The family is social penicillin: the super drug which can cure so many social diseases. Equally, the decline of the British family since the early sixties has lead directly to the rise of every social problem, most notably madness and crime. If ever there were a fit subject for reverence, it is the family. So is this the moment for a Tory leader to be calling for homosexual marriage? There is no obvious reason for believing that this would lead to a further erosion of family life. But for millenia, a family has been an institution formed by a marriage between a man and a woman, for the procreation of children. This is no moment for a shallow, trendy, thoughtless incursion into the sacred places of human experience: the sacred legacies: the sacred lights, needed more than ever to guide us along the dark pathways of an embattled future.

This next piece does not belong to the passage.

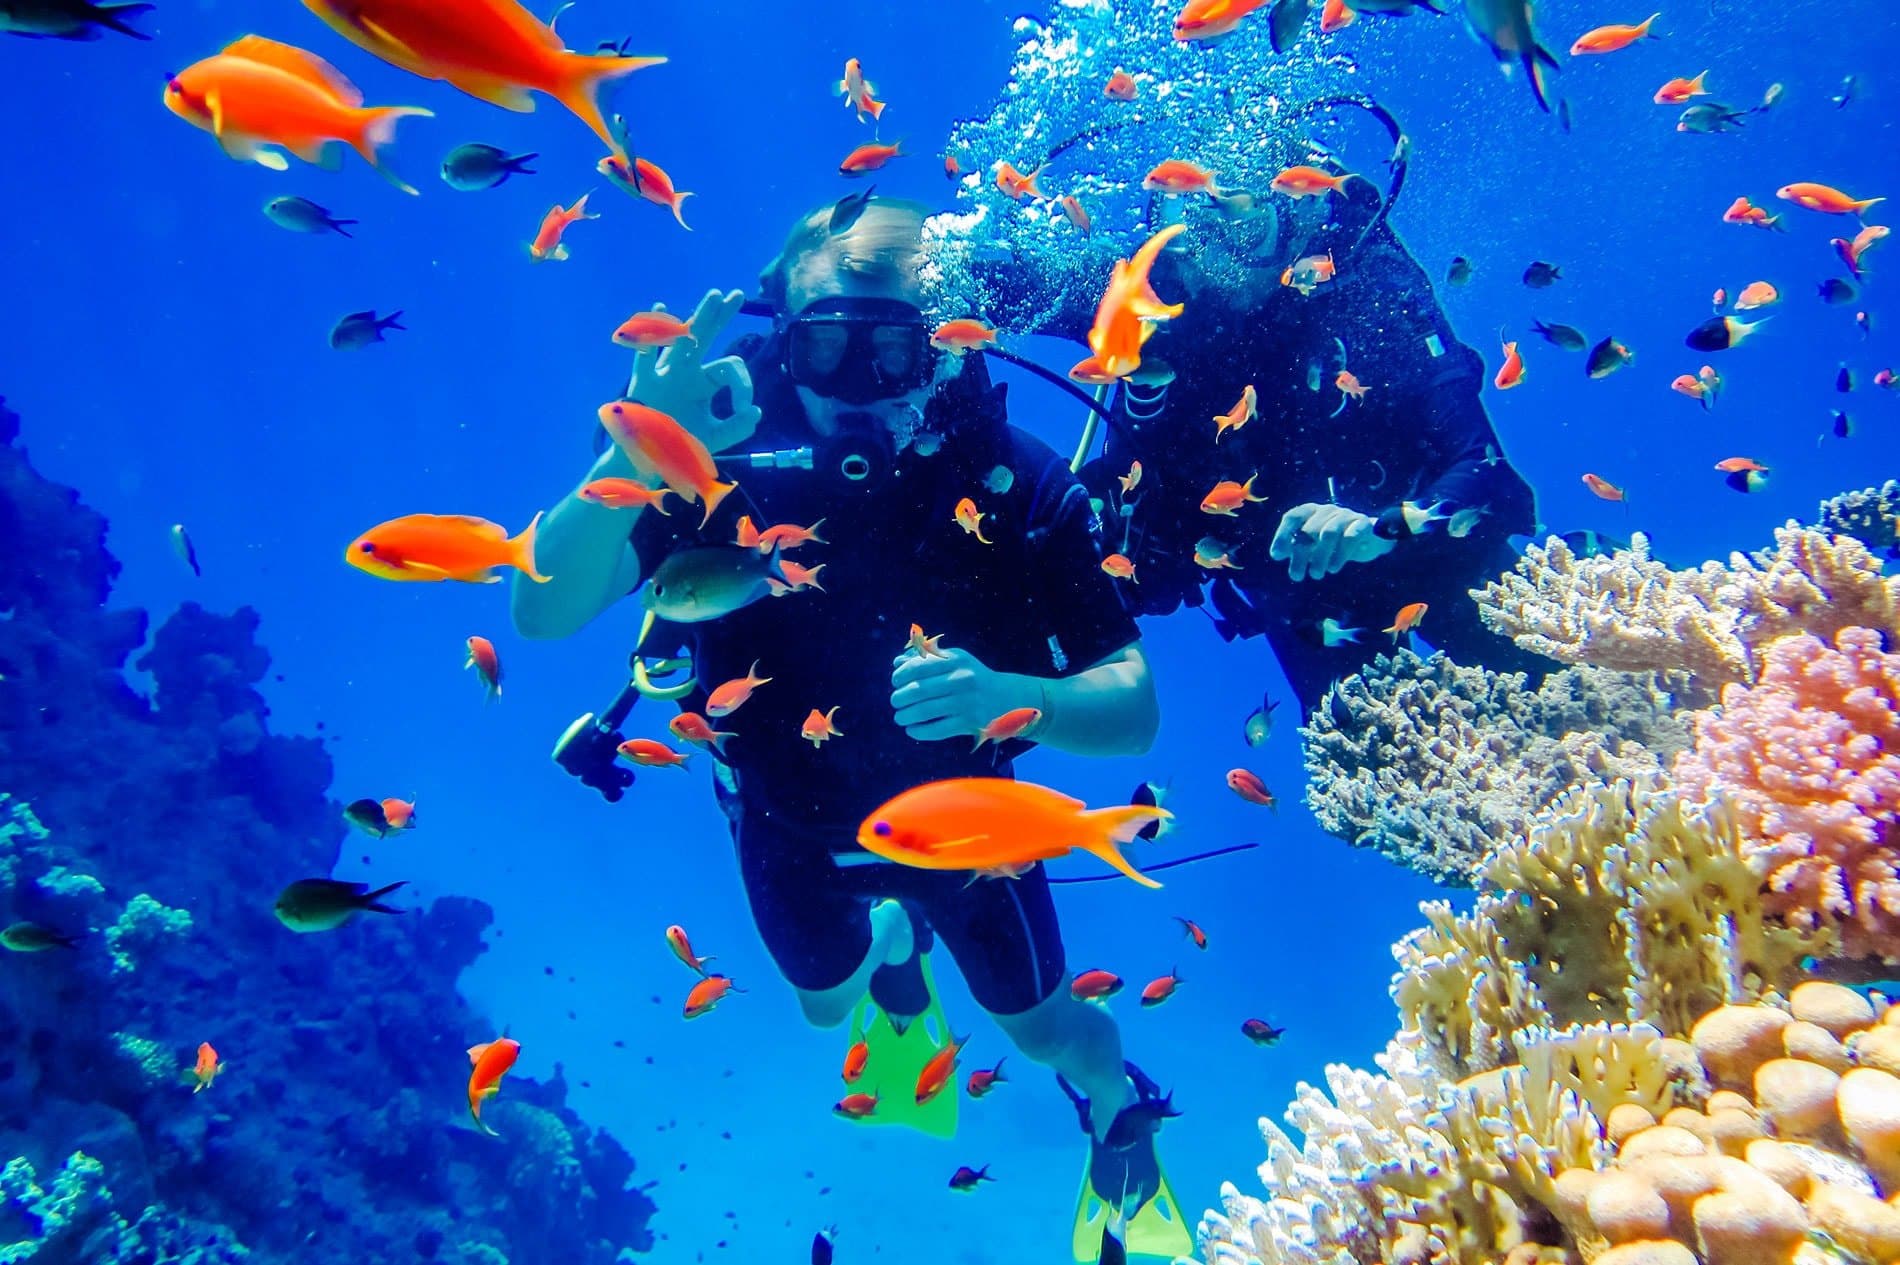 ACCUEIL-Plongée sous-marine : c'est la fête des mers

The House of Lords may seem a long way from the family, but it has endured the conflicts of the centuries. It has also been the beneficiary of successful evolution. The introduction of Life Peers in the late Fifties was a supreme example of a change which worked. The opposite is true of Tony Blair's changes. Now, Nick Clegg is seeking a further thoughtless experiment. Mr Clegg wanted to destroy our currency. Fortunately, he was prevented. He then turned his destructiveness on the electoral system: No joy there either. But his is now behaving like an over-tired spoiled child, set on mayhem before bedtime. He has been kept out of the crockery cupboard. He has not been allowed to trash the drawing room. But he is still determined to wreck something, so what about the House of Lords? An elected House of Lords would be a second-rate House of Commons. Does anyone believe that this country now needs a second-rate House of Commons? If David Cameron is weak enough to allow Mr Clegg to vent his childish destructiveness on the Lords, the Tory party must rise up and prevent him.
Apropos rising up, it is time for the Prime Minister himself to do exactly that, in defence of the Union. I believe that David Cameron has deep music in his soul. He also has the voice and the command to turn his convictions into oratory and inspiration. Yet he is failing do do so. What profiteth a Tory leader if he negotiates his way through a few economic difficulties, while losing Scotland and turning the House of Lords into a county council? Would history forgive him, even if he were able to claim that amidst the further disintegration of the family, the further rise in the divorce rate, the further increase in the illegimacy rate - this was the Tory leader who introduced homosexual marriage? In most respects, this is a good government which could become an outstanding one. Welfare, eduction, the deficit: fighting Toryism in confident mode. But more is needed, in defence of the ancient and the sacred. The Tory party must assist its Leader to recover his Tory intellectual self-confidence - while insisting that nothing less will do.